If `a_0, a_1, a_2, a_3` are all the positive, then `4a_0x^3+3a_1x^2+2a_2x+a_3=0` has least one root in `(-1,0)` if

To determine the conditions under which the polynomial \(4a_0x^3 + 3a_1x^2 + 2a_2x + a_3 = 0\) has at least one root in the interval \((-1, 0)\), we can use the Intermediate Value Theorem.

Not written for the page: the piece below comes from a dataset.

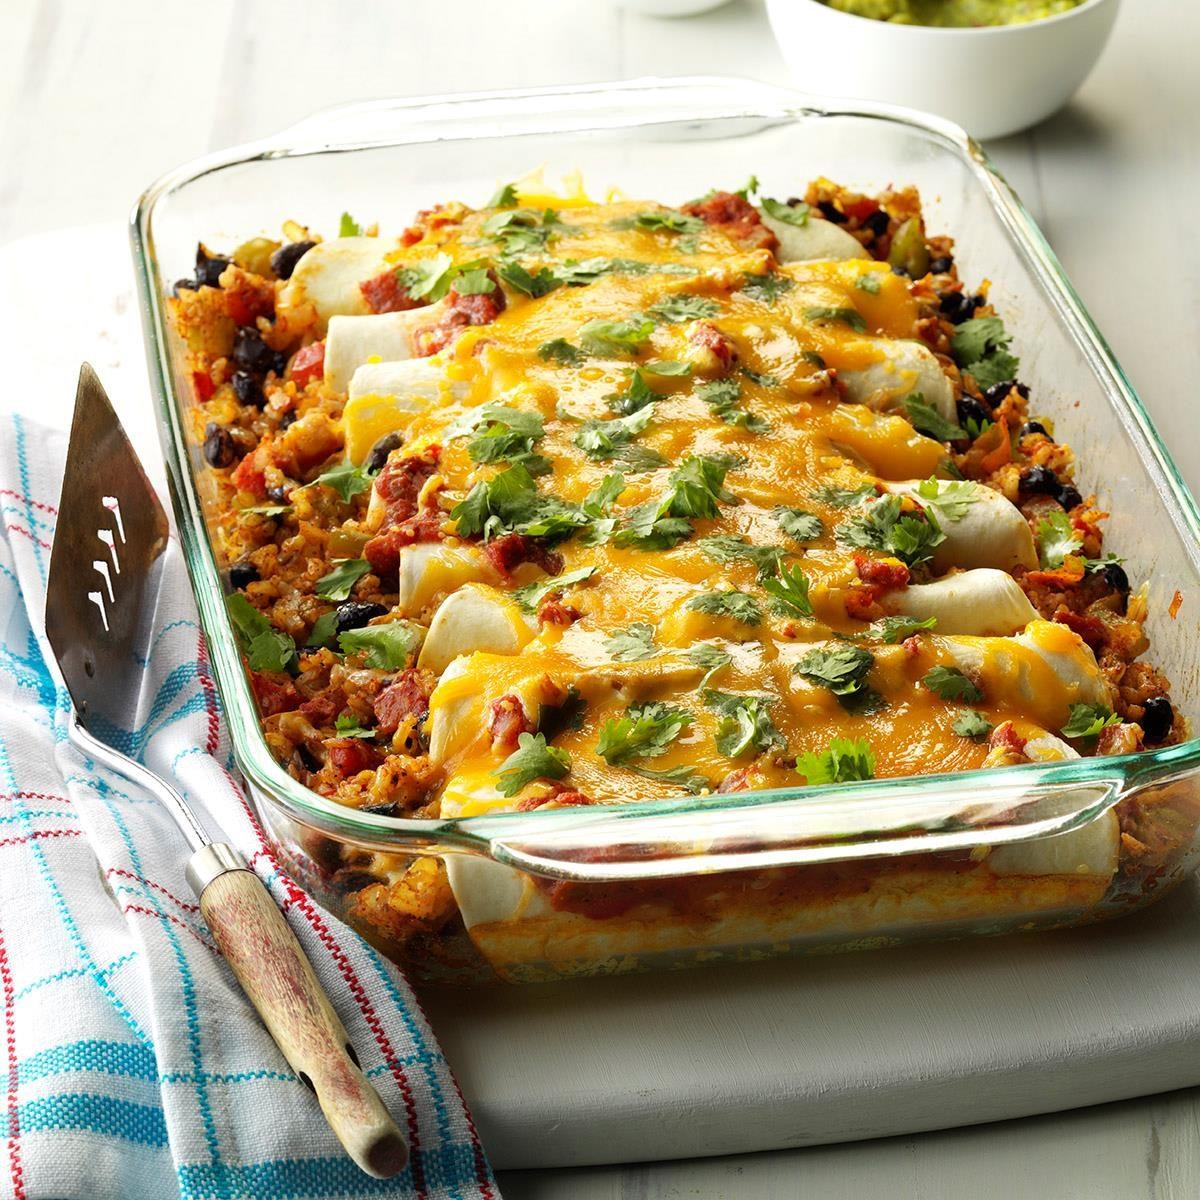 Top 10 vegetarian dinners taste of home black bean and rice enchiladas forumfinder Choice Image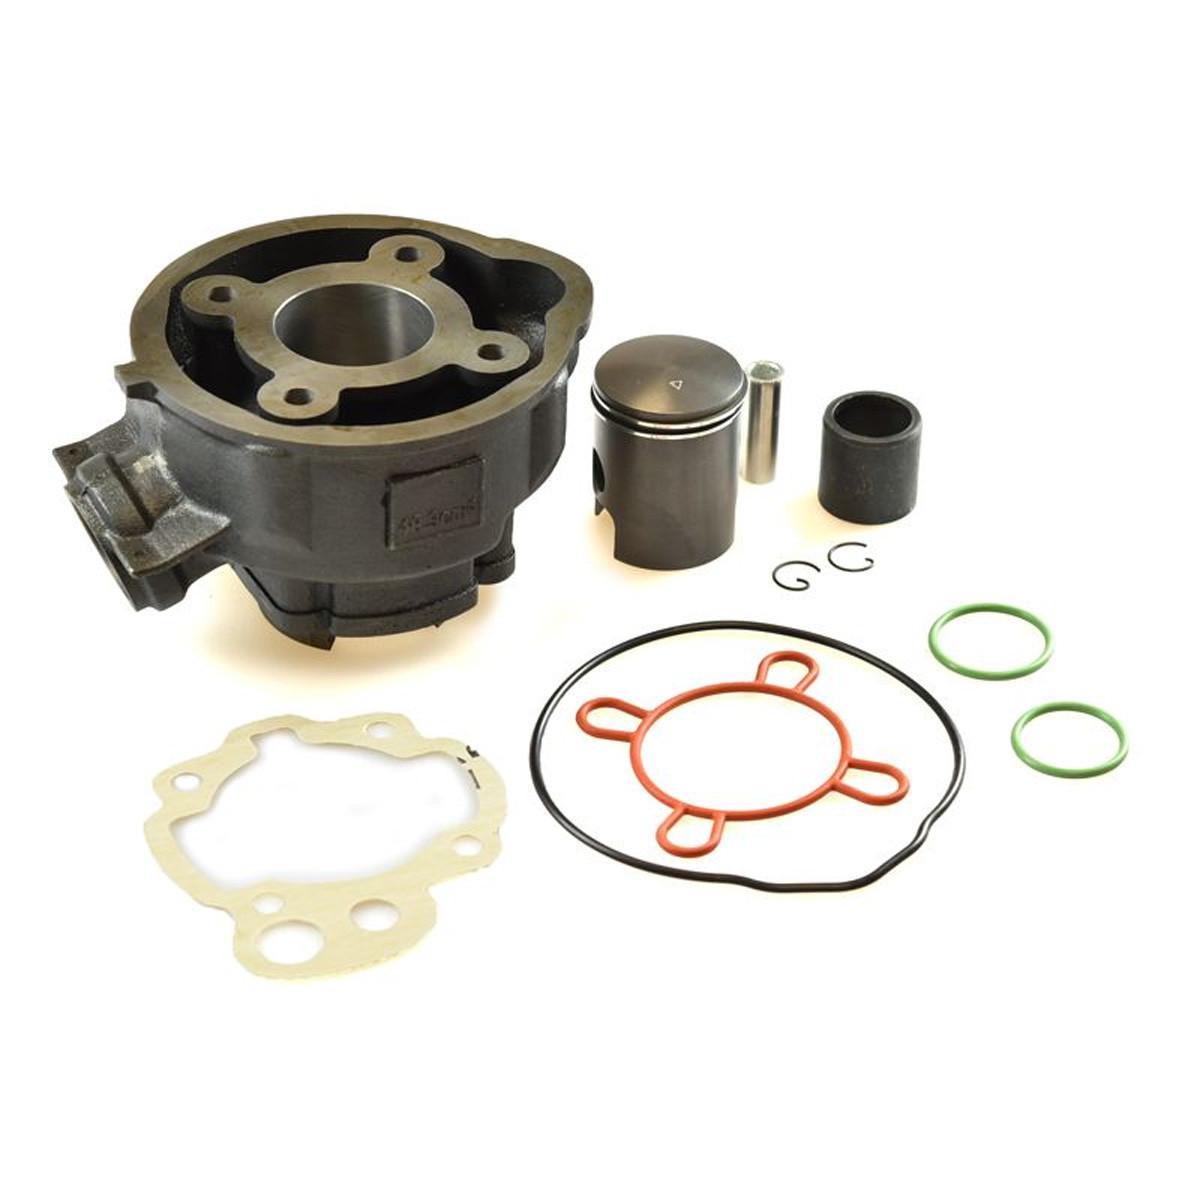 Cylindre 50cc AM6 - Fonte KUNDO

This theorem states that if a continuous function changes sign over an interval, then there exists at least one root in that interval. ### Step-by-Step Solution: 1. **Define the Polynomial**: Let \( p(x) = 4a_0x^3 + 3a_1x^2 + 2a_2x + a_3 \). 2. **Evaluate the Polynomial at the Endpoints**: - Calculate \( p(-1) \): \[ p(-1) = 4a_0(-1)^3 + 3a_1(-1)^2 + 2a_2(-1) + a_3 = -4a_0 + 3a_1 - 2a_2 + a_3 \] - Calculate \( p(0) \): \[ p(0) = a_3 \] 3. **Determine the Sign of \( p(0) \)**: Since \( a_3 > 0 \) (given that all \( a_i \) are positive), we have: \[ p(0) > 0 \] 4. **Set Up the Inequality for \( p(-1) \)**: For \( p(x) \) to have at least one root in \((-1, 0)\), we need: \[ p(-1) < 0 \] This gives us the inequality: \[ -4a_0 + 3a_1 - 2a_2 + a_3 < 0 \] Rearranging this, we get: \[ 4a_0 + 2a_2 > 3a_1 + a_3 \] 5. **Combine with the Condition from Step 3**: Since \( p(0) > 0 \) and \( p(-1) < 0 \), we can conclude that: \[ 4a_0 + 2a_2 > 3a_1 + a_3 \] 6. **Final Condition**: The condition we derived can be expressed as: \[ a_0 + a_2 = a_1 + a_3 \] and \[ 4a_0 + 2a_2 > 3a_1 + a_3 \] This indicates that the first option \( a_0 + a_2 = a_1 + a_3 \) is necessary for the polynomial to have a root in the interval \((-1, 0)\). ### Conclusion: The polynomial \( 4a_0x^3 + 3a_1x^2 + 2a_2x + a_3 = 0 \) has at least one root in the interval \((-1, 0)\) if the condition \( a_0 + a_2 = a_1 + a_3 \) holds true along with the inequality \( 4a_0 + 2a_2 > 3a_1 + a_3 \).